Я уже привык беречь свою тайну, единственным осведомлённым о которой был барон Бодриков.
Впрочем, я тоже претендовал на титул, но не сильно торопил события, посылая прошения не чаще раза в год. Передавать моё состояние некому, и перспектив я не видел. Моя официальная жена лежит в лечебнице с не смертельным, но неисцелимым недугом вследствие пережитой травмы. Ей показан постоянный надзор сестёр милосердия, грязевые ванны и свежий воздух. Иметь детей ей настоятельно не рекомендовалось.
Я разжал пальцы, позволив лампе ещё лучше осветить кабинет, в котором часто ночевал, потрогал бинты, намотанные на обнажённый торс и левую руку чуть выше локтя. Раны, полученные при том взрыве, были не серьёзные, а уж с моей-то живучестью повязки можно снять через несколько дней.
Тяжёлый резной стол из морёного дуба с канцелярским набором на нём, обитые зелёным сукном стулья, украшенный позолотой дорогой телефон, портреты императорской семьи и герб империи на стене придавали кабинету некую торжественную обстановку, а больше трёх десятков экземпляров самого разного холодного оружия добавляли пафоса. Но это были мои трофеи, добытые за шесть лет охоты. Одним из них даже чуть не закололи, хотя убить меня не так-то легко.
Я усмехнулся. Мысли об убийстве выхватили из памяти другой курьёзный случай. Все вещи я покупал по антикварным магазинам или выписывал из-за границы, а вот большую картину, висящую между трофеев, заказал у местного мастера. Мне его расхваливали очень сильно. Мол, самородок. Заказал я у него южное побережье Италии, так, чтоб и море, и оливковая роща, и гора с античным храмом. Картину хотел повесить над камином, облицованным тёмными фарфоровыми плитками.
Каково же было моё изумление, когда художник представил мне своё творение. Оказывается, этот самоучка при всём своём таланте никогда не был не то что в Италии, а даже на море. В итоге масляная живопись изобразила вместо бьющихся об отвесные скалы зелёно-голубых волн мелкую рябь широкого пруда. Мастер честно посетил Уральские горы, посему скалы вышли на славу, а вот вместо оливковой рощи на их склонах росли причудливо изогнутые плакучие ивы. Храмовое сооружение он тоже честно попытался передрать с какого-то другого полотна, но в итоге вышли лишь колонны и разбросанные везде обломки стен из белого кирпича.
Я, когда картину увидел, сразу захотел его убить. И если бы не кирасир, зашедший ко мне в тот момент с докладной, который и без брони был здоровенным детиной, а в ней и подавно казался былинным богатырём, то просто бы проткнул этого самоучку одним из своих трофеев. Но всё же сжалился и выплатил всю немалую сумму, но не ассигнациями, а большим мешком меди.
Забавно, что всякий, входящий в этот кабинет, смотрел на картину и спрашивал, мол, хорошо, наверное, в Италии. Я вздыхал поначалу с горестью, а потом и сам согласился, что такой Италии ни у кого больше нет и быть не может.

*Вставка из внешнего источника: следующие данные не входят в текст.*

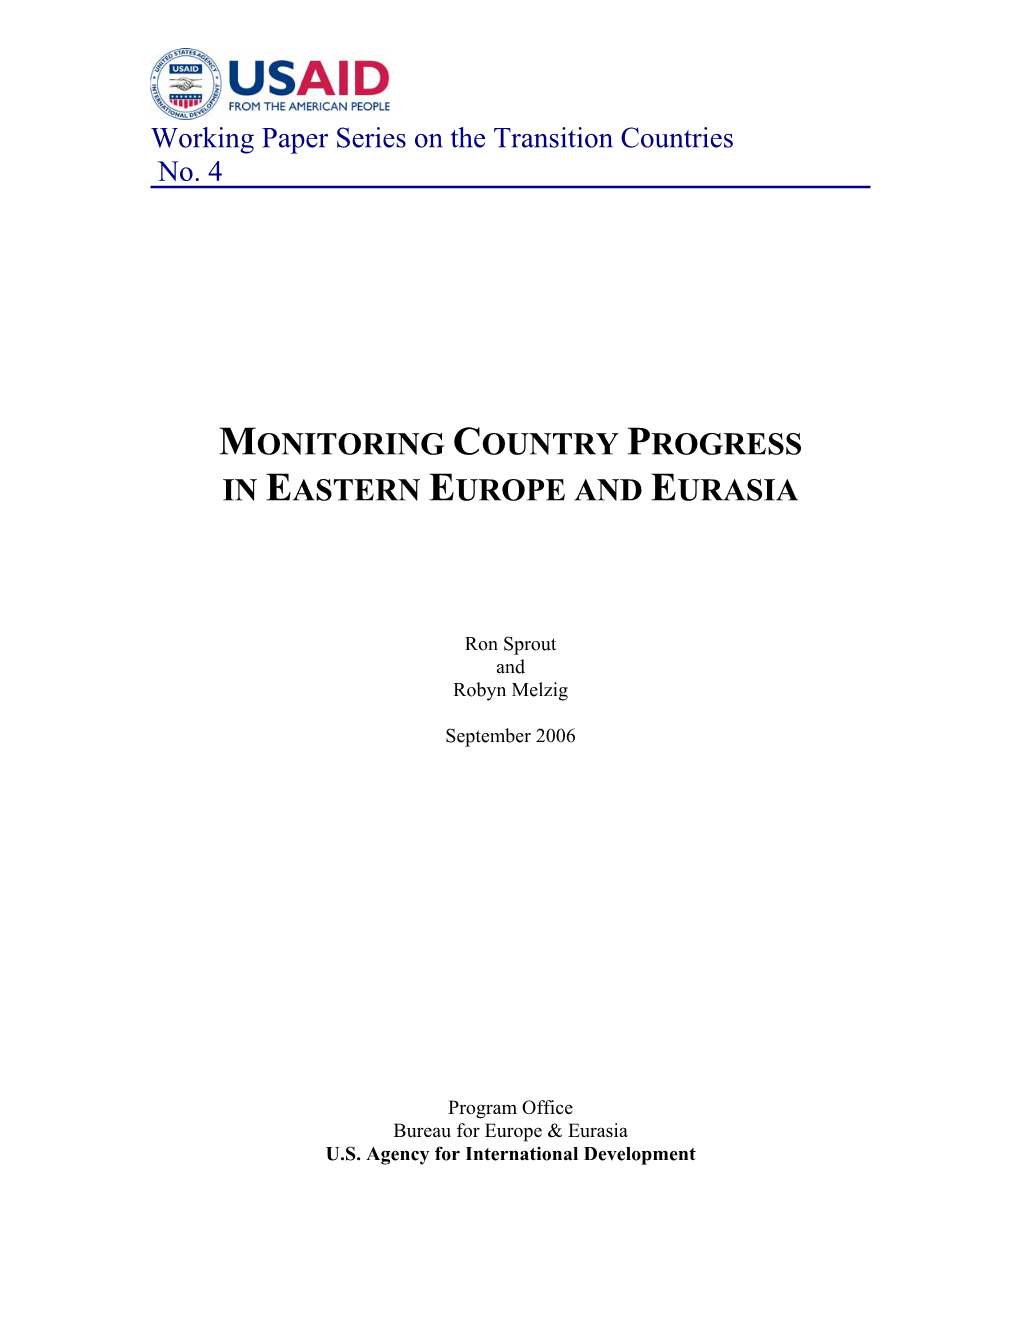 No. 4 Monitoring Country Progress in Eastern Europe and Eurasia

Вместе с оружием на стене висели различные артефакты, не представляющие интереса для науки, а должность позволяла с молчаливого согласия барона присваивать безделушки. Но для меня они были не просто трофеи. Я всё ещё лелеял надежду, что среди них найдётся тот самый. Единственный. Который развернёт несуразное оригами моей жизни, а потом свернёт так, как надо. Должен же он существовать, раз скомкал в невероятной причуде три года назад души пришлого воина и здешнего охотника.
Размышления прервала какая-то ранняя птица, с шумом бьющихся о стекло крыльев и скрежетом когтей по жестяному подоконнику севшая на окно. Я оторвался от созерцания огня и поднял взор. За сложенным из десяти стеклянных квадратов окном моросил дождь, сбегая по стеклу крупными каплями, а тьма вот-вот готовилась уступить черёд сонной серости пасмурного утра. За окном проступили контуры мокрых и озябших клёнов.
Я вздохнул и задумался о насущном. Что же мы имеем? Отряд погиб. А кто не погиб, того я просто выгнал за безответственность. Нужно набирать новых. С чего начать? В состав группы контакта до́лжно набрать медицинскую сестру, приветливую даму и угрожающего воина для укрощения строптивых. Ведь и такие бывают, что только силы боятся, и если здоровенный детина заорёт на них благим матом и схватит за шиворот, то поймёт, что нужно быть тихим, смирным и уступчивым. Нет, лучше две медицинские сестры.
Я протёр ладонями лицо со щиплющими от бессонницы, словно в них насыпали мелкого песка, глазами, расправил лист жёлтой писчей бумаги и, взяв из подставки стальное перо, вставленное в ручку из моржового клыка, быстро шурша, начал составлять донесение.